Table 2 Parameter settings.

Model evaluation metrics

This study evaluates the model’s applicability to pavement defect detection using metrics consistent with the YOLO series: Precision (P), Recall (R), F1-Score (F1), and Mean Average Precision (mAP). Specifically, mAP includes mAP@0.5, which measures the proportion of predictions with an Intersection over Union (IoU) of at least 0.5, and mAP@0.50–0.95, which averages mAP across IoU thresholds from 0.5 to 0.95. The corresponding formulas are provided in formula 12–1743. During the inference phase, the model generates multiple prediction boxes for each image, with each box independently outputting a class probability and confidence score. Performance metrics (Precision, Recall, F1-Score, mAP@0.5, and mAP@0.50–0.95) are calculated based on all predicted defects, thus comprehensively evaluating the model’s detection capability in multi-defect scenarios.

P refers to the proportion of true positive samples among all samples predicted as positive by the model:

$$P=\frac{{TP}}{{TP+FP}}$$
(12)

where TP (True Positive) represents the number of samples predicted as positive and actually positive; FP (False Positive) represents the number of samples predicted as positive but actually negative.

R refers to the proportion of true positive instances correctly predicted by the model, relative to all actual positive instances:

$$R=\frac{{TP}}{{TP+FN}}$$
(13)

where FN (False Negatives) represents the number of samples predicted to be negative but actually positive.

F1 is the harmonic mean of P and R, serving as a comprehensive measure that balances both metrics.

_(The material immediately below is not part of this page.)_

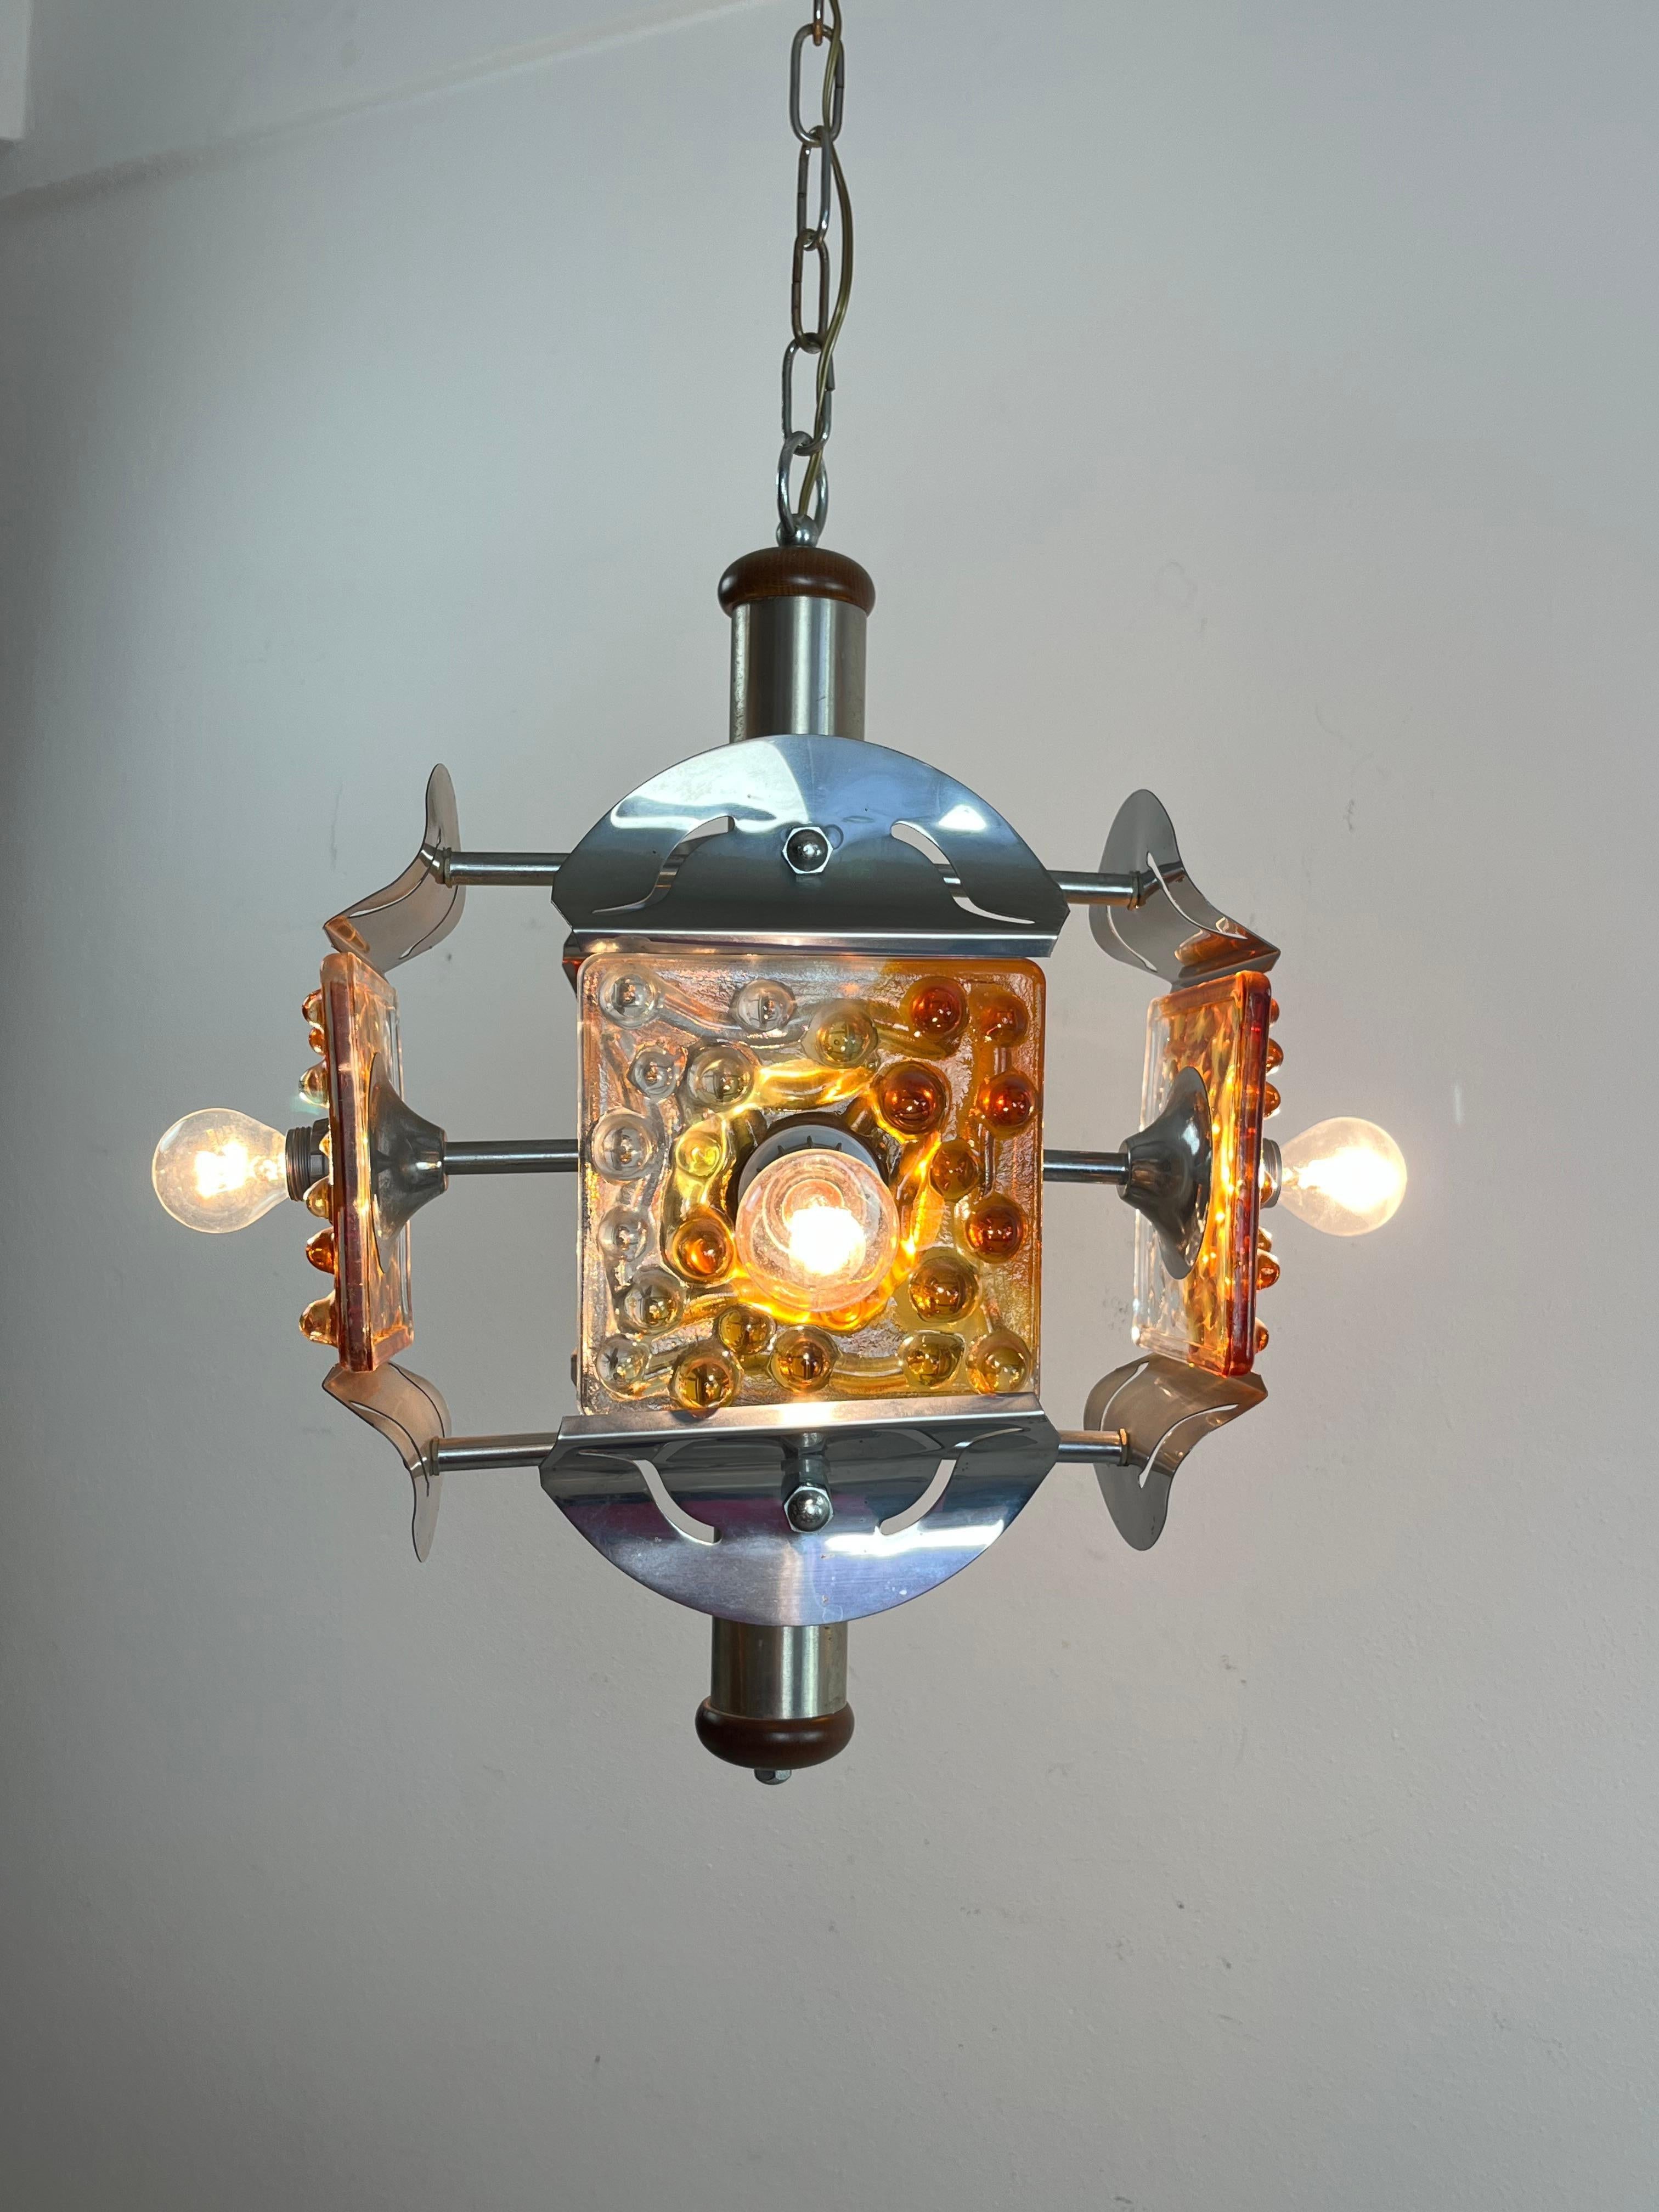 Vintage 4-Light Murano Glass Chandelier Attributed To Mazzega 1970s For Sale 2

$$F1=2 \times \frac{{P \times R}}{{P+R}}$$
(14)

mAP is a widely used metric for evaluating model performance in multi-class detection tasks. It represents the mean of Average Precision (AP) across all categories, with AP being calculated from the P-R curve at various IoU thresholds. For each category, AP is determined by computing precision and recall at different IoU thresholds, plotting the P-R curve, and then calculating the area under the curve. The formula for AP is as follow:

$$AP=\int_{0}^{1} {P(r)dr}$$
(15)

where \(P(r)\) represents the precision under a certain recall rate r.

mAP@0.5 represents the mAP when the IoU is greater than or equal to 0.5. Specifically, for each category, a prediction is considered correct only when the IoU between the predicted and ground truth boxes meets or exceeds 0.5. The formula is:

$$mAP@0.5=\frac{1}{N}\sum\limits_{{i=1}}^{N} {A{P_i}(0.5)}$$
(16)

where N is the number of categories and \(A{P_i}(0.5)\) is the AP of the \(i - th\) category when \(IoU{\text{ }}>={\text{ }}0.5\).

mAP@0.5–0.95 is the average mAP calculated under multiple IoU thresholds (from 0.5 to 0.95, increasing by 0.05 each time) for each category. The formula is:

$$mAP@0.5 - 0.95=\frac{1}{N}\sum\limits_{{i=1}}^{N} {\frac{1}{{10}}\sum\limits_{{j=1}}^{{10}} {A{P_i}(Io{U_j})} }$$
(17)

where \(Io{U_j}=(0.5+0.05 \times (j - 1))\) indicates the IoU threshold at step \(A{P_i}(Io{U_j})\); represents the Average Precision of category i at the IoU threshold \(Io{U_j}\).

Results

Baseline model

Pavement defect detection presents significant challenges: cracks exhibit diverse morphologies, small sizes, and complex backgrounds, demanding high accuracy and robustness from detection models. To systematically evaluate the suitability of various object detection models for pavement defect detection, this study conducted comparative experiments. To ensure comparability between models, all baseline models used the same confidence threshold (0.25) and non-maximum suppression threshold (0.45), and the same IoU matching rule was used uniformly when calculating all evaluation metrics. All evaluation metrics reported in the subsequent tables are calculated exclusively on the test set to ensure a fair and unbiased performance assessment and to avoid any potential data leakage from the training process.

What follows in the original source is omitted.